A caminho de um distante e remoto planeta com uma missão de colonização, a tripulação da nave Covenant descobre que aquilo que parecia ser um paraíso é, na verdade, um mundo sombrio e perigoso. Perante a terrível ameaça, inicia-se uma angustiante e desesperada fuga.


Visualmente, Alien: Covenant supera as expectativas e, mesmo que o Alien tenha deixado totalmente de lado a timidez de 1979 - agora é até bastante exuberante e vaidoso -, os efeitos especiais e a direcção de fotografia do novo filme valorizam-no e deixam-nos arrebatados. A banda sonora transporta-nos para o ambiente da saga, adensa a tensão que se sente, estimula os possíveis sustos e faz-nos perder no espaço desconhecido e infinito.

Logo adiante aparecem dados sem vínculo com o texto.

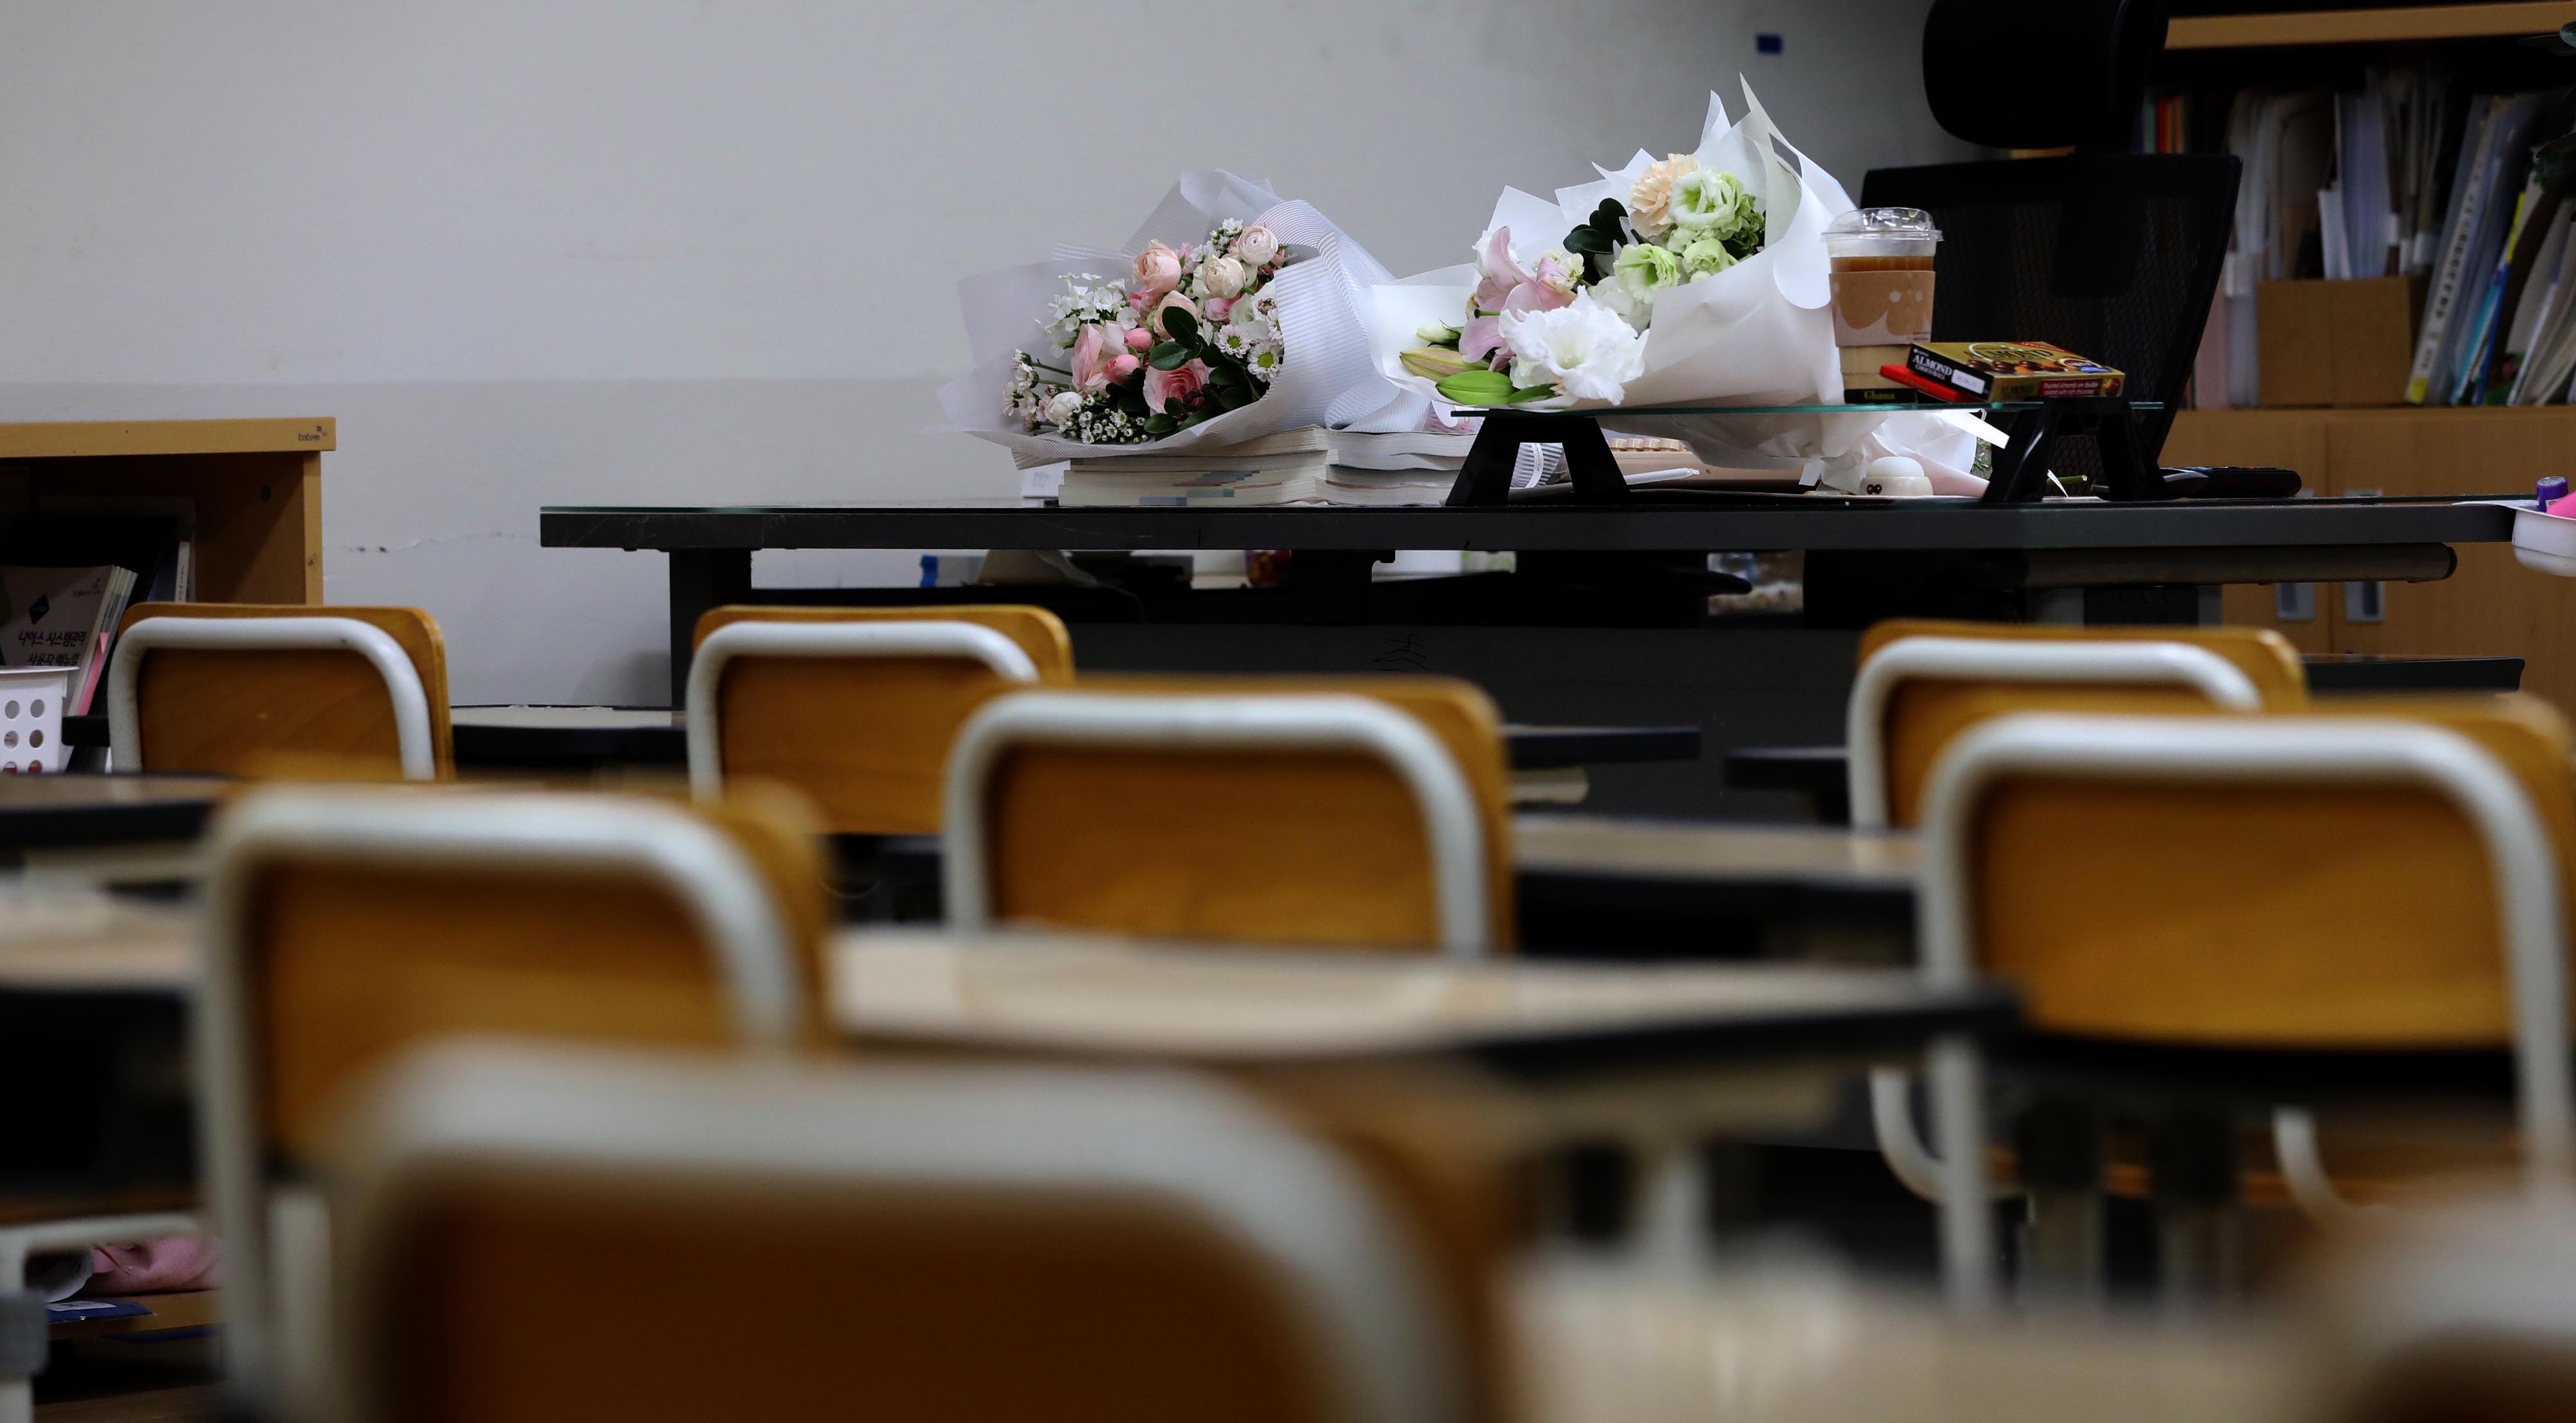 서울 서이초등학교에서 숨진 채 발견된 교사의 49재일인 4일 교사의 교실에 화환과 추모의 추모 꽃다발이 놓여 있다 . 홍윤기 기자

Michael Fassbender teve o merecido espaço nesta sequela, depois de, em Prometheus, ter realmente prometido muito. É ele a alma do filme - se bem que os robôs não a têm - e supera-se na pele deste autómato tão humano e tão fulcral na narrativa. É ele que tudo condiciona. É frio, calculista, mas ao mesmo tempo terno e capaz de estabelecer uma relação emocional com a plateia que, curiosamente, nenhuma das restantes personagens (humanas) chega a alcançar.


A protagonista, interpretada por Katherine Waterston, não chega a estar à altura de Noomi Rapace - muito menos de Sigourney Weaver - mas faz ainda assim um bom trabalho físico e emocional, mostrando ter a destreza e captado bem o espírito da personagem principal. Mais uma vez, uma mulher de armas (mas com um fortíssimo lado sentimental) ao comando das decisões mais importantes a caminho de planetas desconhecidos, queira ou não queira.

Ridley Scott regressa em grande forma e irá satisfazer os fãs da saga que criou. Apesar das fraquezas do argumento, Alien: Covenant levanta curiosos simbolismos e paralelismos religiosos que são tão irónicos como eficazes.